Using the Uniform SLLN (Pollard 1990) and the almost sure convergence of \(\widehat{\varvec{\theta}}\) to \(\varvec{\theta}_0\), \(\widehat{\xi}_1(t)\) converges almost surely to 0 uniformly in \(t\in[0,\tau]\). In a similar fashion, \(\widehat{\xi}_2(t)\) can be shown to converge strongly to 0 uniformly.

With respect to the process \(n^{1/2}\widehat{\xi}_1(t)\), we begin with

$$ n^{1/2}\widehat{\xi}_1(t)=-n^{-1} \sum_{i=1}^n \int_0^t\widehat{\pi}(s)^{-1}I(C_i> s){\bf Z}_i(s)^T\,\hbox{d}s\ n^{1/2}(\widehat{\varvec{\theta}}-\varvec{\theta}_0). $$

Substituting in (15),

$$ n^{1/2}\widehat{\xi}_1(t)=-\int_0^t\overline{\bf Z}(s)^T\,\hbox{d}s\ \widehat{\bf A}^{-1}n^{-1/2}\sum_{i=1}^n\left\{\int_0^\tau\{{\bf Z}_i(s)-\overline{\bf Z}(s)\}\hbox{d}M_i(s;\varvec{\theta}_0)\right\}, $$

then using the strong convergence of \(\widehat{\bf A}\) to A along with various empirical process results gives

$$ n^{1/2}\widehat{\xi}_1(t)=-\int_0^t\overline{\bf z}(s)^T \hbox{d}s\ {\bf A}^{-1}n^{-1/2}\sum_{i=1}^n{\bf U}_i +o_p(1), $$

(17)

which behaves asymptotically as sum of independent and identically distributed mean-zero variates.
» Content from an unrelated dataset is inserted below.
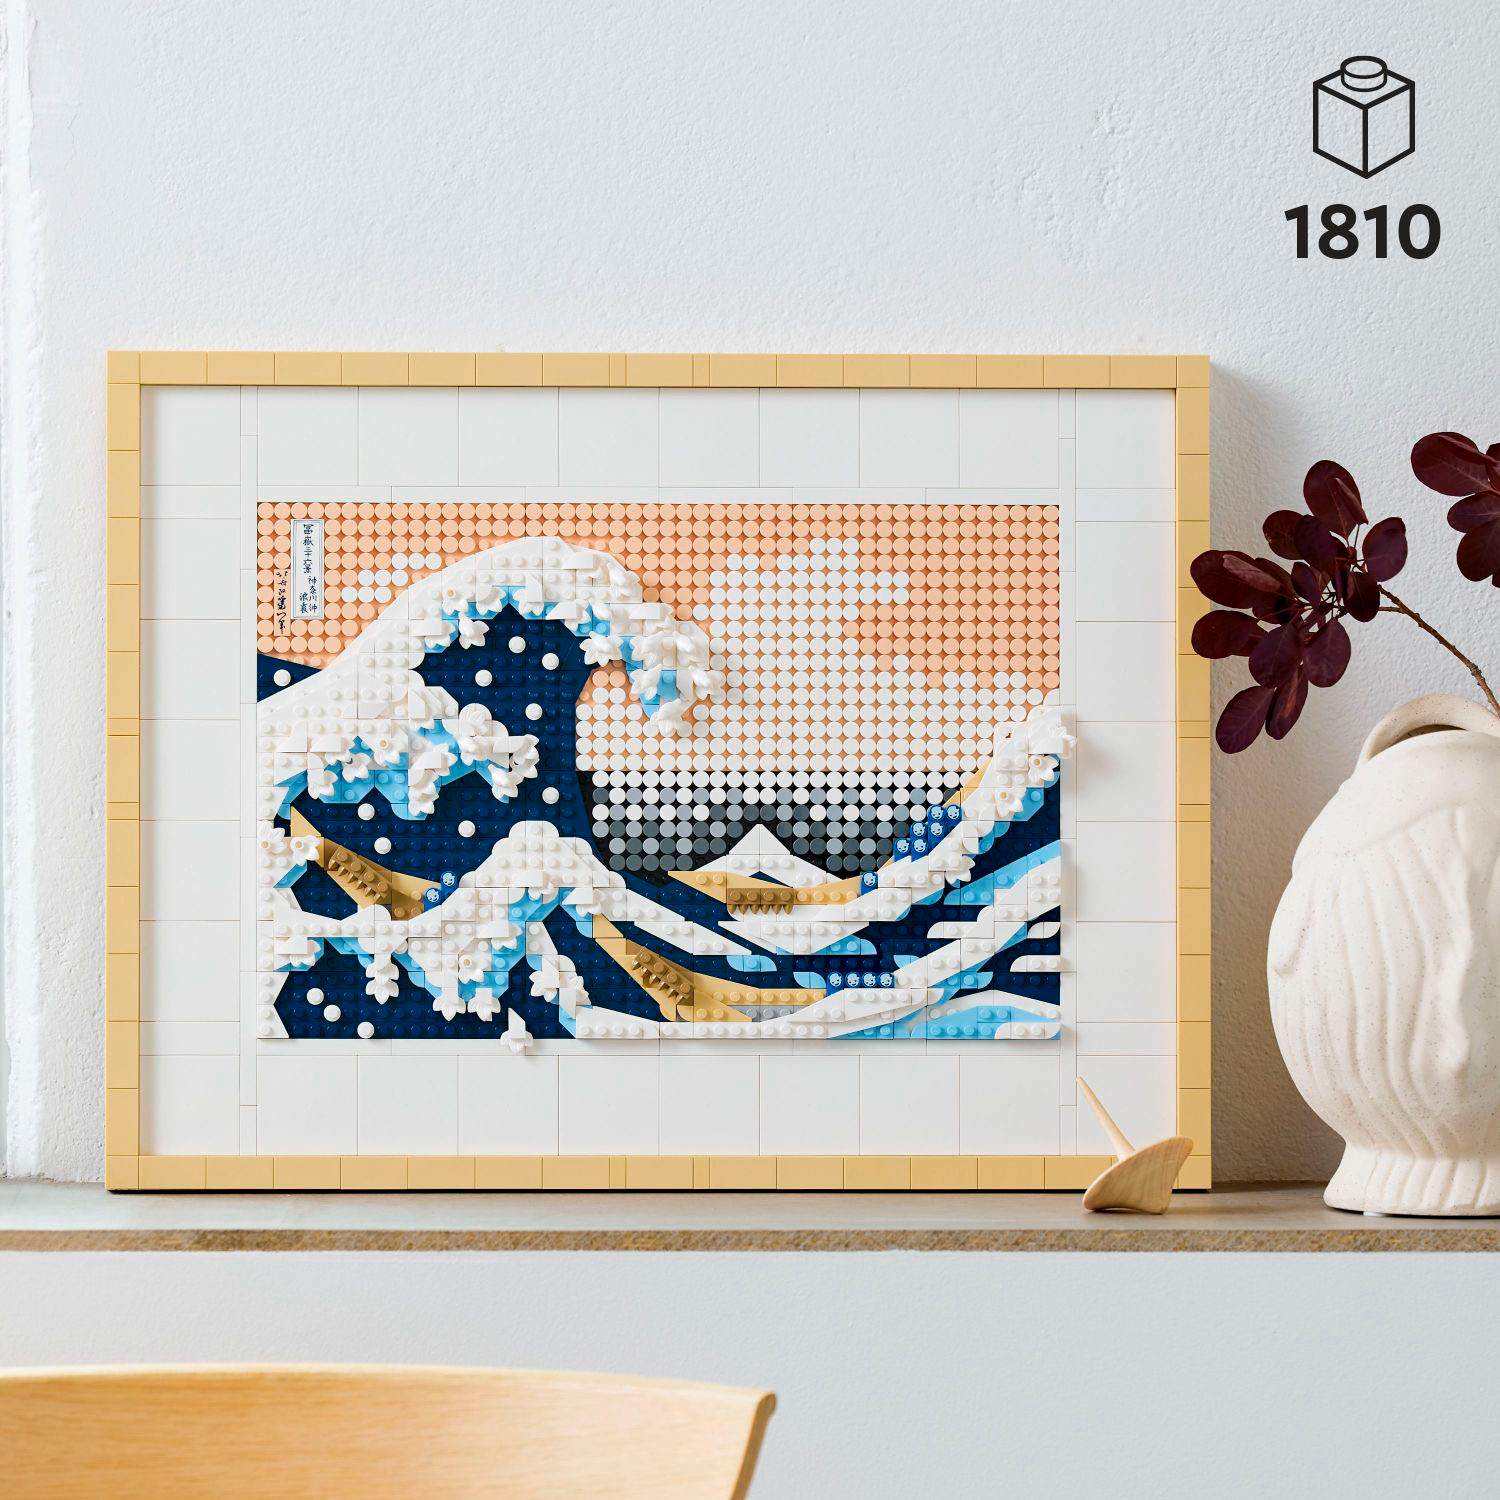 LEGO Art Hokusai – The Great Wave 31208 6425631 - Best Buy

Similarly, it can be shown that

$$ n^{1/2}\widehat{\xi}_2(t)= n^{-1/2}\sum_{i=1}^n \int_0^t\pi(s)^{-1}\,\hbox{d}M_i(s;\varvec{\theta}_0)+o_p(1). $$

(18)

Combining (17) and (18),

$$ n^{1/2}\widehat{\xi}(t)=n^{-1/2}\sum_{i=1}^n \phi_i(t) + o_p(1), $$

which has finite distributions which converge to those of a zero-mean normal variate. Tightness can be shown by demonstrating the manageability of the components of \(\phi_i(t)\), thus proving that \(n^{1/2}\widehat{\xi}(t)\) converges to a mean-zero Gaussian process with covariance function \(E[\phi_1(s)\phi_1(t)]\).